The harbor defense segment tests U.S. Naval Forces Alaska units' ability to deploy to secure and defend a port for use by U.S. forces. Protecting the visiting USS Mount Hood, a Concord California-based Navy ammunition ship, and its 400-man crew is the main objective of the maritime portion of Northern Edge 98. The Marines' one-of-a-kind Fleet Antiterrorism Security Team from Norfolk, Va., is assisting with the harbor defense.
The field exercise goal is to integrate operation techniques and procedures, enhancing the participating units' abilities to work together anywhere in the world.

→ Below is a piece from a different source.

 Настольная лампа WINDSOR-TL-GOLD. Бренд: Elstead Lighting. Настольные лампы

Major units from Alaska participating in Northern Edge 98 include: HQ Alaskan Command; U.S. Army Alaska; 11th Air Force; U.S. Navy Alaska; U.S. Coast Guard District 17; Alaska Air National Guard and Alaska Army National Guard. Major units from outside Alaska include: 4th Squadron, 3rd Armored Cavalry Regiment, Fort Carson, Colo.; the 82nd Airborne Division, Fort Bragg, N.C.; 1st Marine Division, 1st Light Armored Reconnaissance Battalion, Camp Pendleton, Calif.; 7th Field Artillery Battalion, Schofield Barracks, Hawaii; 44th Fighter Squadron, 961st Airborne Air Control Squadron and 909th Air Refueling Squadron from Kadena Air Base, Japan; and the 62nd Air Mobility Wing, McChord Air Force Base, Wash.
Northern Edge 1999
Northern Edge 99 ran from February 22 to March 16,1999, with more than 10,077 members from the guard, reserve and active duty U. S. military services. Major events during Northern Edge 99 included a night airborne mass jump, a brigade air assault, more than 1,200 air sorties flown, theater missile defense, information operations, harbor defense, and a three-day and -night live fire at Simpsonville. Lt. Gen. Thomas R. Case, ALCOM commander said, "I have never seen any environment that offers more for joint combined training from the individual training level all the way to a full joint task force. We always learn lessons from exercises of this scope."

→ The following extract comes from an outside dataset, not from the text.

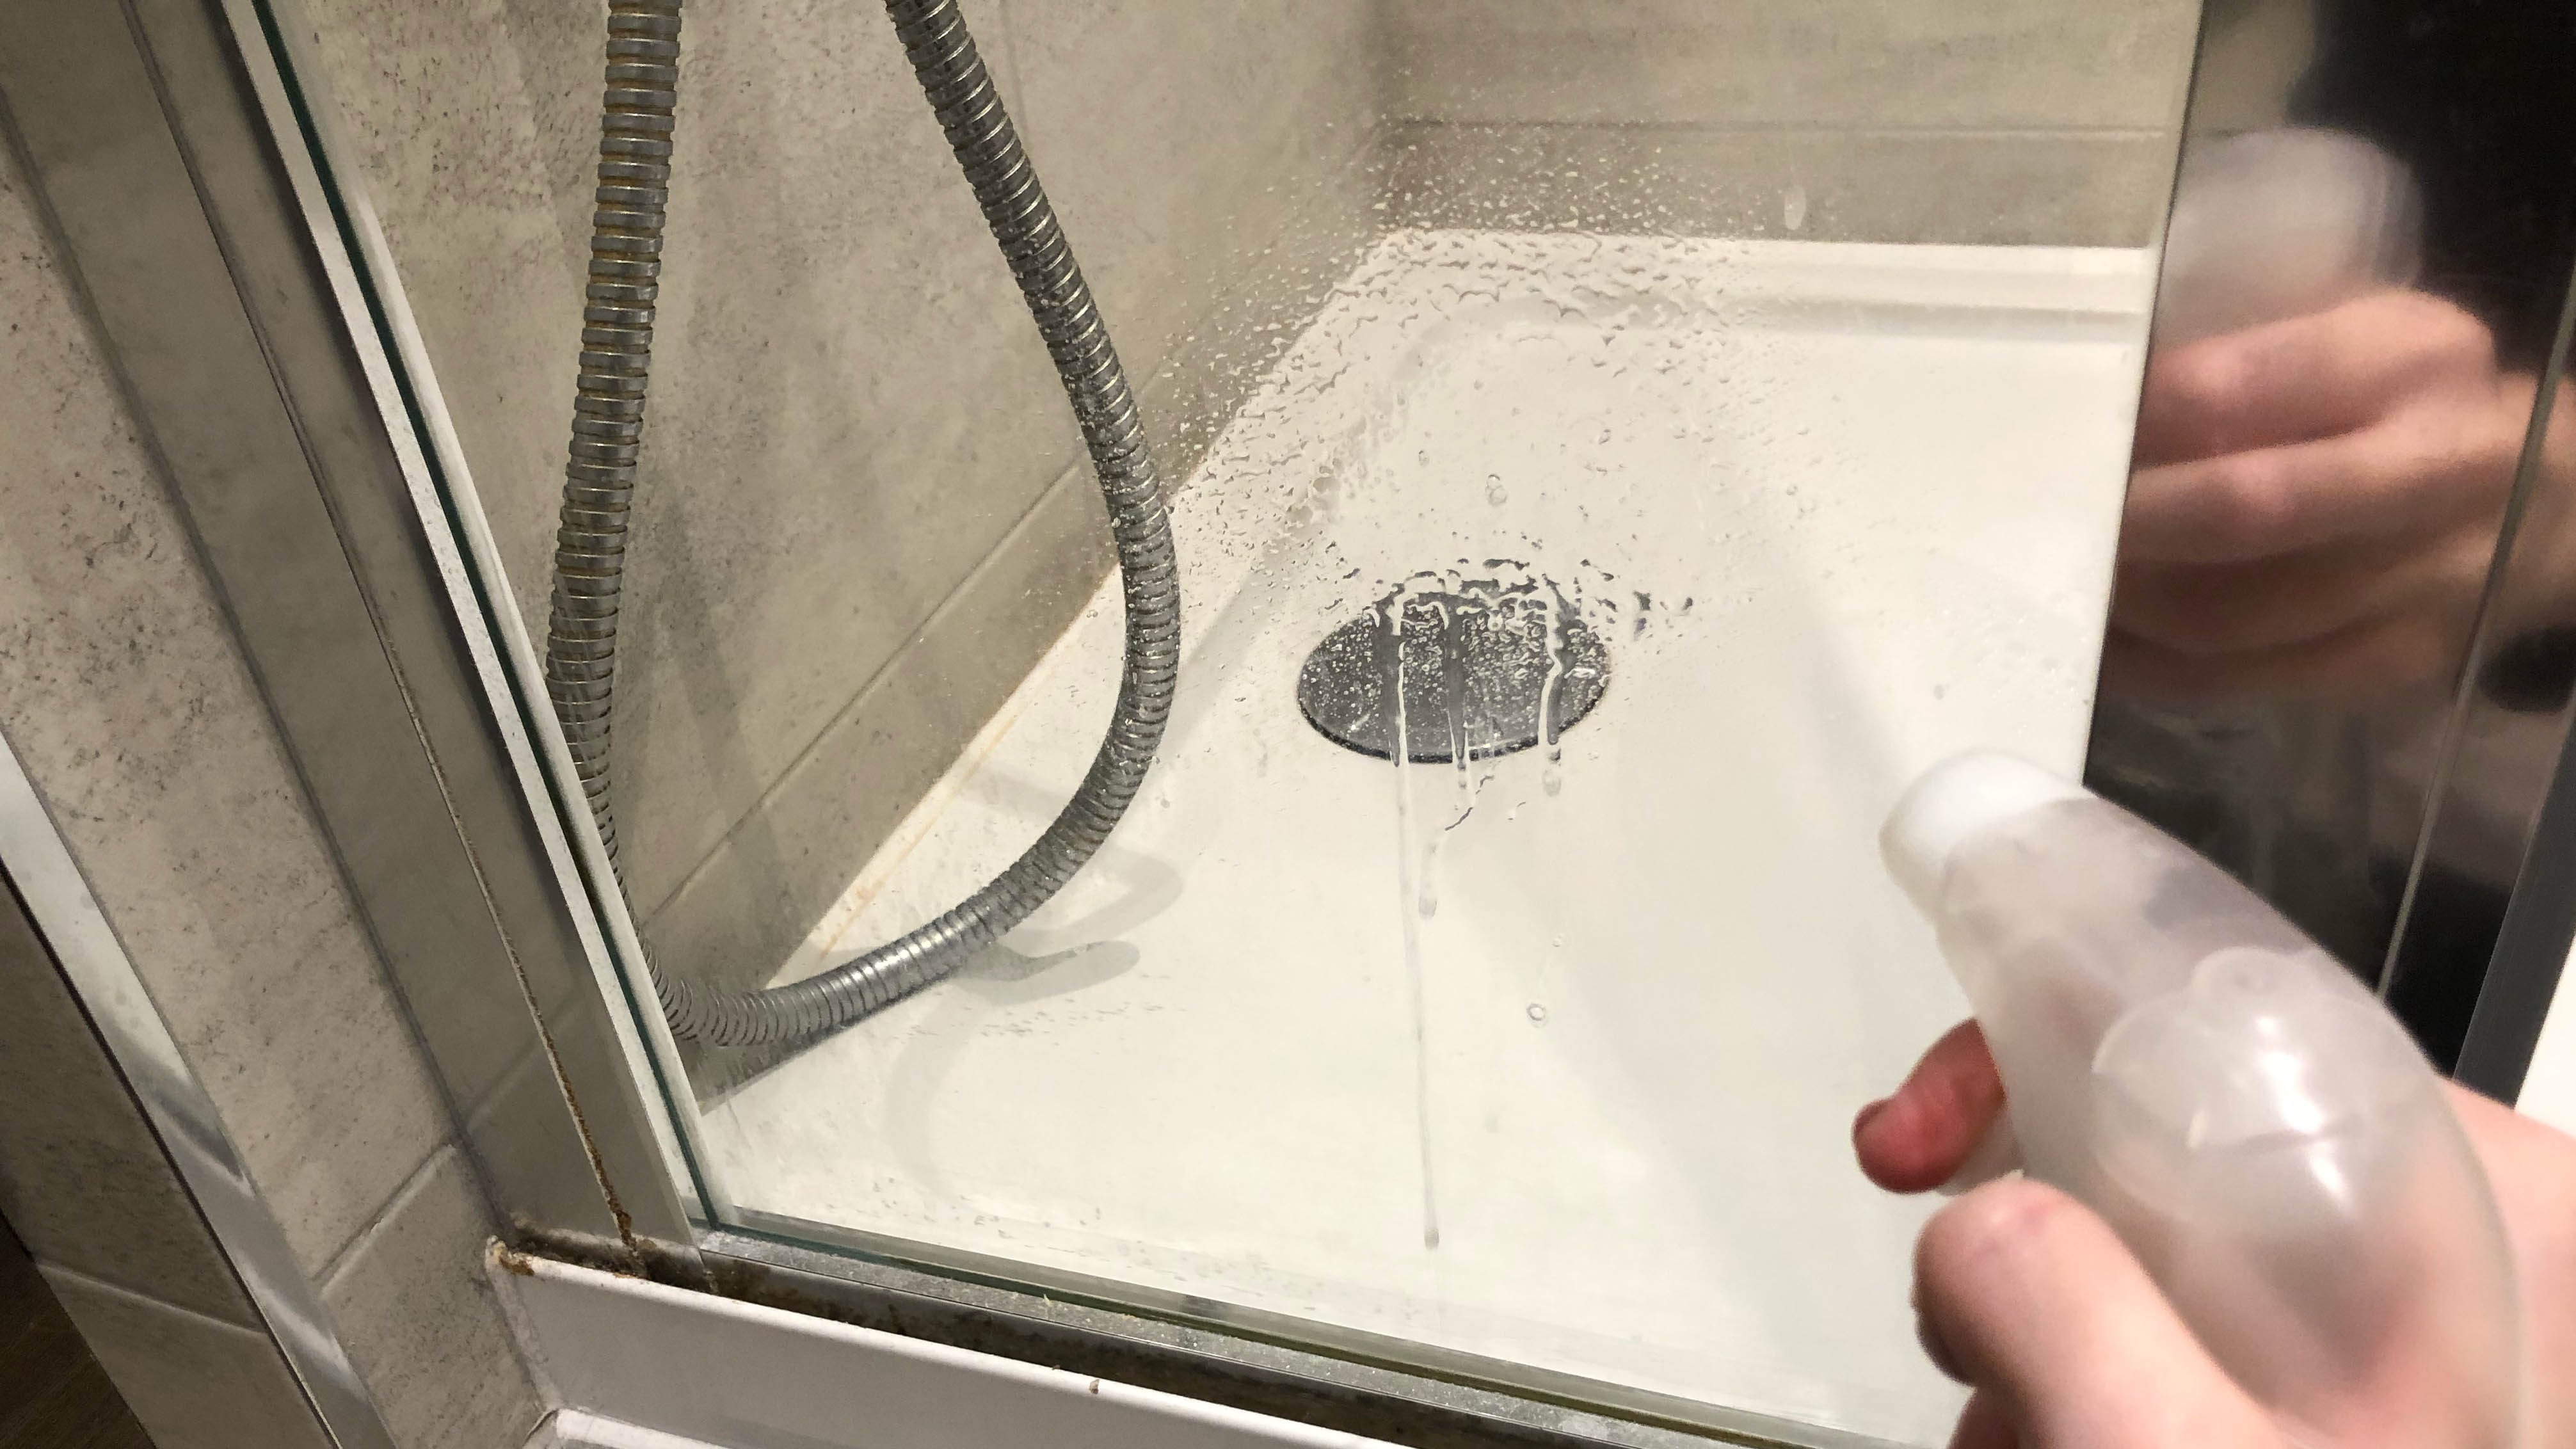 شخص يرش محلول ماء الخل على لوح زجاجي أثناء الاستحمام

The scenario for these assaults is based on peace enforcement on the fictional island of Aragon, and is to be carried out under the terms of a United Nations mandate. On this "island" there are three independent nations to include the Republic of Cortina, the People's Democratic Republic of Acadia and the Republic of Victoria, according to intelligence report administration order 99-01. Acadia, a socialist state, and Cortina, a parliamentary democracy, are involved in a border dispute over the mineral-rich Evangeline region that separates them. Cortina rightfully owns the land and has requested aid from the United States in defense against Acadia, who has an aggressive history and shows signs of troop activity. It is the job of our military forces to conduct peace enforcement through humanitarian relief and to conduct conventional light infantry and joint operations to include several joint, live fire exercises.